I drank too much. My snot smells like vodka when I blow my nose.
During sex she told me I could do anything I wanted to her. You remember that toy lightsaber we bought at Wal Mart?
does drinking everclear count as brushing your teeth? because i think they are sterilized
She said i saw her in the study room, waved, disappeared, came back with a coke from god knows where, and slurred "i have a drinking problem but i ate grits"
You act like pregaming preseason hockey is a crime. Come on man, get fucked up and watch pucks. It rhymes so well it has to go together. DOS EQUIS Y DEVILS!
I've already agreed to hook up with 3 people tonight, and its not even 2:00 yet... I think this is what the path to success looks like.
Old woman told me I looked like her son and then she started explaining to me how she wanted me to fuck her
You know it's been a successful day when the only reason you put on a bra was to take off your shirt
I spent a lot of time in their kitchen cause I was convinced that the living room was gonna fall... Sorry for not warning you about that.

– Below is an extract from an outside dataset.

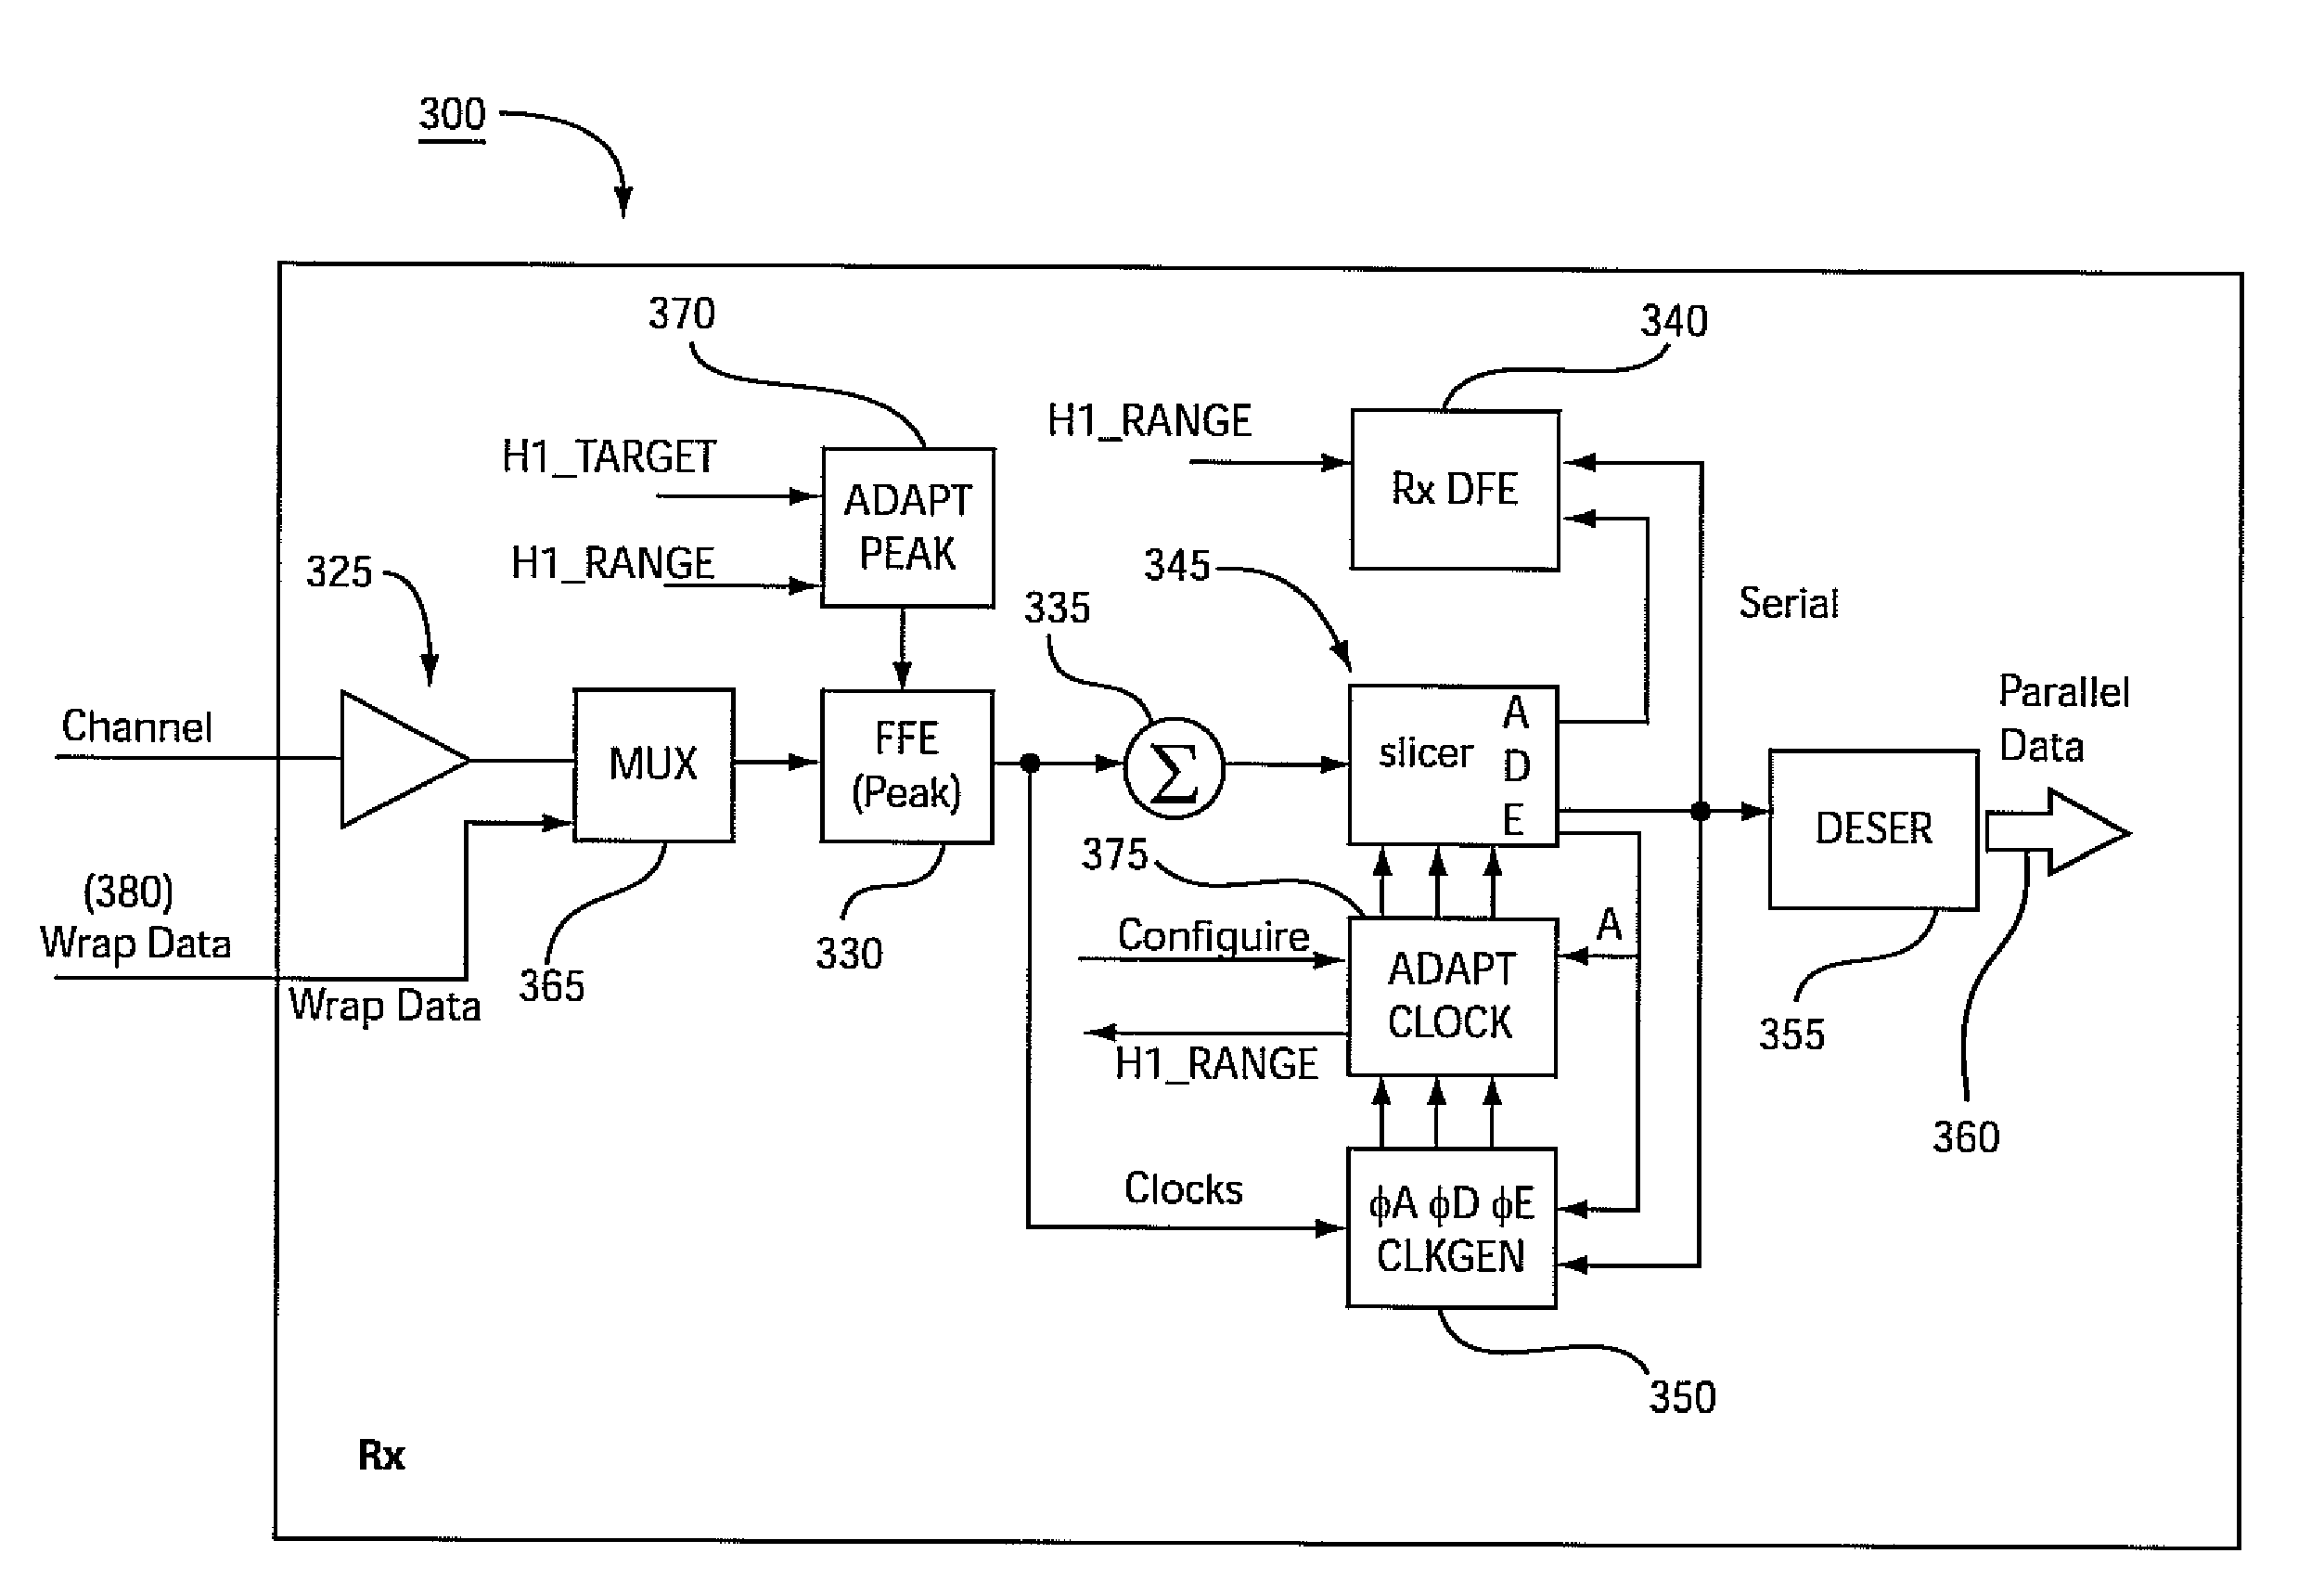 Adaptive clock and equalization control systems and methods for data receivers in communications systems

I got custody of our girlfriend in the breakup.
he bit THROUGH my nipple
plus side, no need to pay for a piercing.
I fucked him twice and then he set me up with his teammate. This kid does wonders for me
There's a bull to ride and dancing on the bar is encouraged. This is my heaven. And this is why god made leopard tube tops.
You tried to eat your way through the wall. Like you literally tried to eat drywall and insulation.
His birthday is on cinco de mayo and he doesn’t drink or like tacos. What a waste.